For example, the result register from group 1 now becomes the
result register for the processing of group two.
[0098] With the second group, instruction numbers are loaded into
the first register, instruction destination numbers are loaded into
the second register, and the values in the first register are
broadcast to positions in the third register (e.g., the result
register) in accordance with the position number in the second
register. Positions in the third register can over write the result
that was written during the processing of the first group.
Positions in the third register that have not been written to are
bypassed. In this manner, the second group updates the base from
the first group, and thereby produces a new base for the processing
of a third group, and so on.
[0099] Instructions in the second group can inherit dependency
information generated in the processing of the first group. It
should be noted that the entire second group does not have to be
processed to update dependency in the result register. For example,
dependency for instruction 12 can be generated in the processing of
the first group, and then processing instructions in the second
group up to instruction 11. This updates the result register to a
state up to instruction 12. In one embodiment, a mask can be used
to prevent the updates for the remaining instructions of the second
group (e.g., instructions 12 through 16). To determine dependency
for instruction 12, the result register is examined for R2 and R5.

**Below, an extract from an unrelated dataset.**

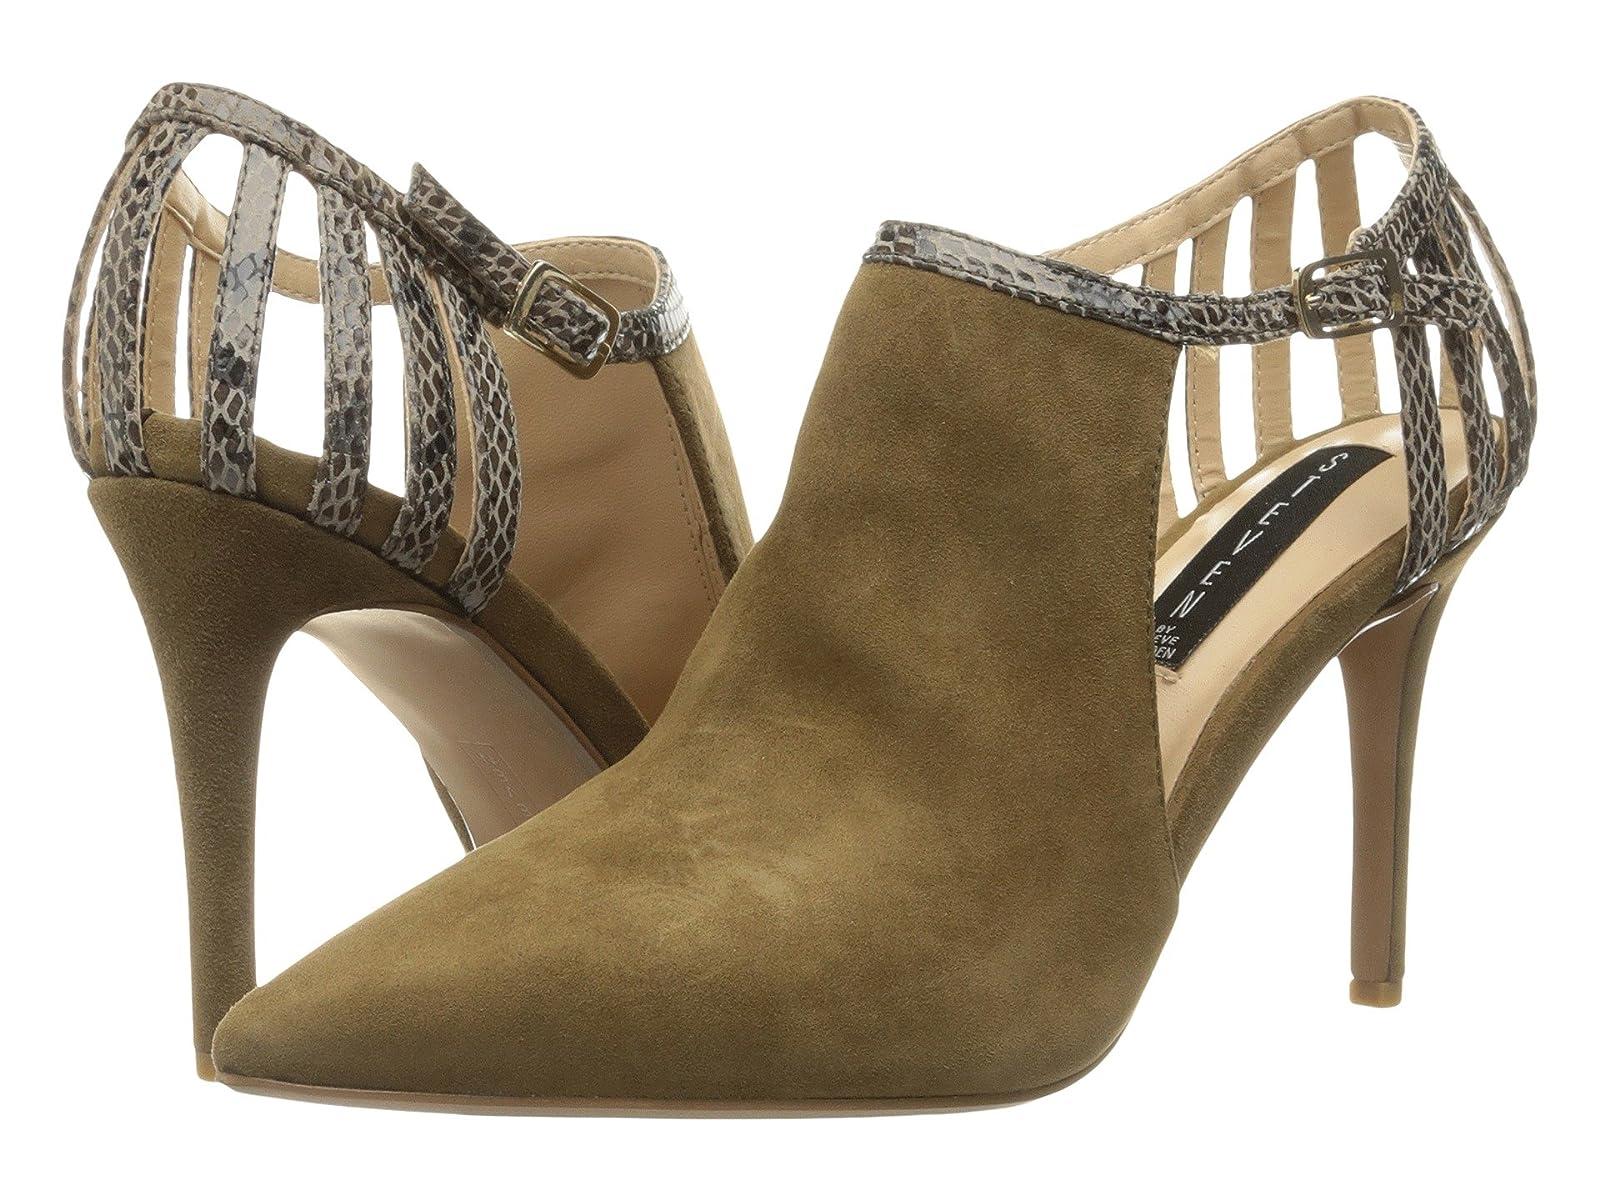 Steven AmyaCheap and distinctive eye-catching shoes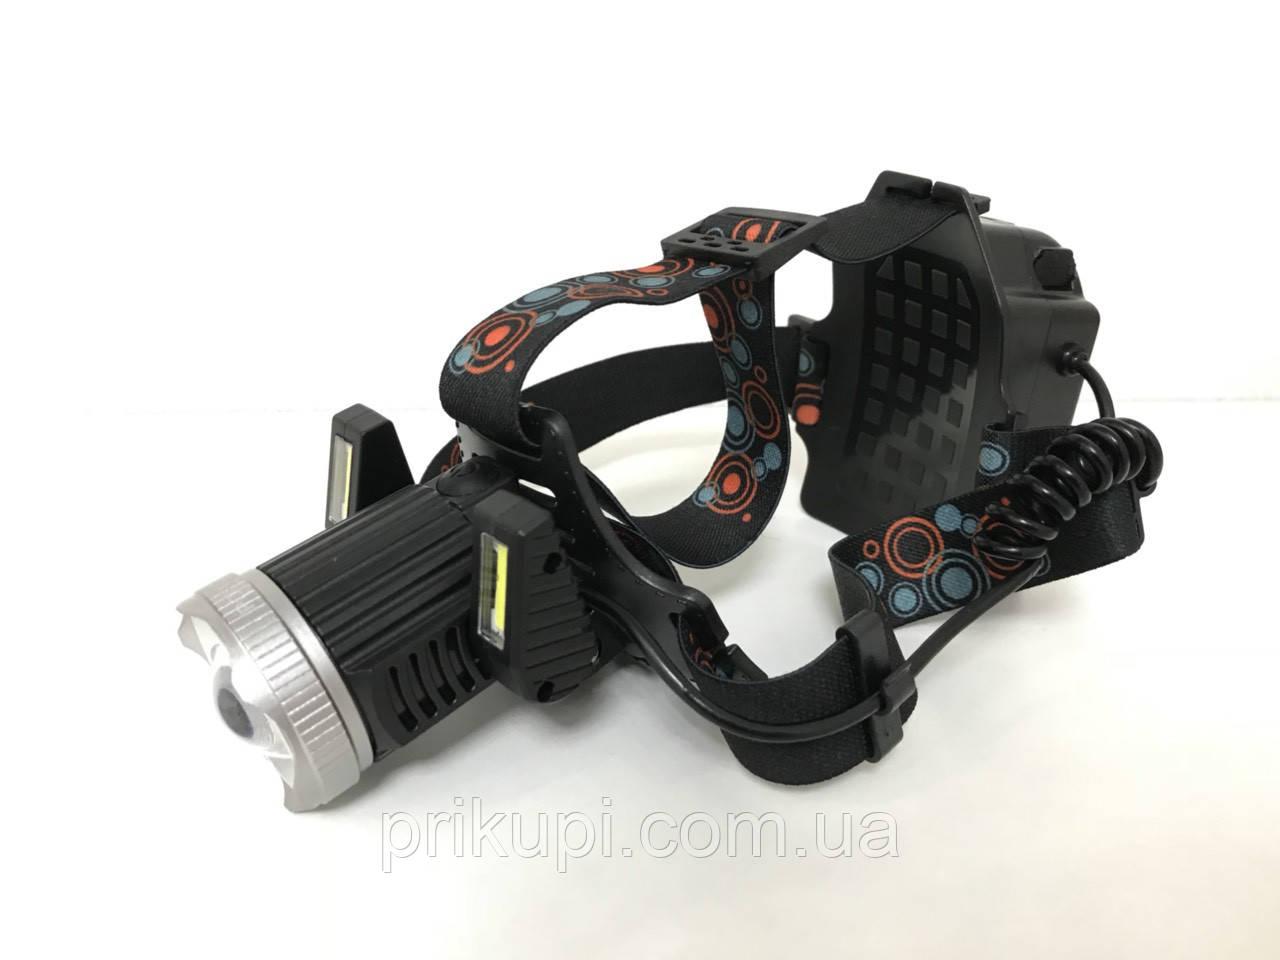 Налобний ліхтар з акумулятором або на батарейках 3*АА Police JR-6000-T6 2COB

R5 will be updated with instruction 1, and R2 will be updated with
instruction 11. It should be noted that in a case where all of
group 2 is processed, R2 will be updated with instruction 15.
[0100] Additionally, it should be noted that all the instructions
of the second group (e.g., instructions 9-16) can be processed
independent of one another. In such case, the instructions of the
second group depend only on the result register of the first group.
The instructions of the second group can be processed in parallel
once the result register is updated from the processing of the
first group. In this manner, groups of instructions can be
processed in parallel, one after another. In one embodiment, each
group is processed using a SIMD instruction (e.g., a SIMD broadcast
instruction), thereby processing all instructions of said each
group in parallel.
[0101] FIG. 14 shows an exemplary flow diagram that shows how the
dependency grouping of instructions can be used to build variably
bounded groups of dependent instructions in accordance with one
embodiment of the present invention. In the descriptions of FIGS. 2
through 4, the group sizes were constrained, in those cases three
instructions per group. FIG. 14 shows how instructions can be
reordered into variably sized groups, which then can be allocated
to a plurality of computing engines. For example, FIG. 14 shows 4
engines. Since the groups can be variably sized depending on their
characteristics, engine 1 can be allocated a larger group than, for
example, engine 2. This can occur, for example, in a case where
engine 2 has an instruction that is not particularly dependent upon
the other instructions in that group.
[0102] FIG. 15 shows a flow diagram depicting hierarchical
scheduling of instructions in accordance with one embodiment of the
present invention. As described above, dependency grouping of
instructions can be used to build variably bounded groups. FIG. 15
shows the feature wherein various levels of dependency exist within
a dependency group. For example, instruction 1 does not depend on
any other instruction within this instruction sequence, therefore
making instruction 1 an L0 dependency level. However, instruction 4
depends on instruction 1, therefore making instruction 4 an L1
dependency level. In this manner, each of the instructions of an
instruction sequence is assigned a dependency level as shown.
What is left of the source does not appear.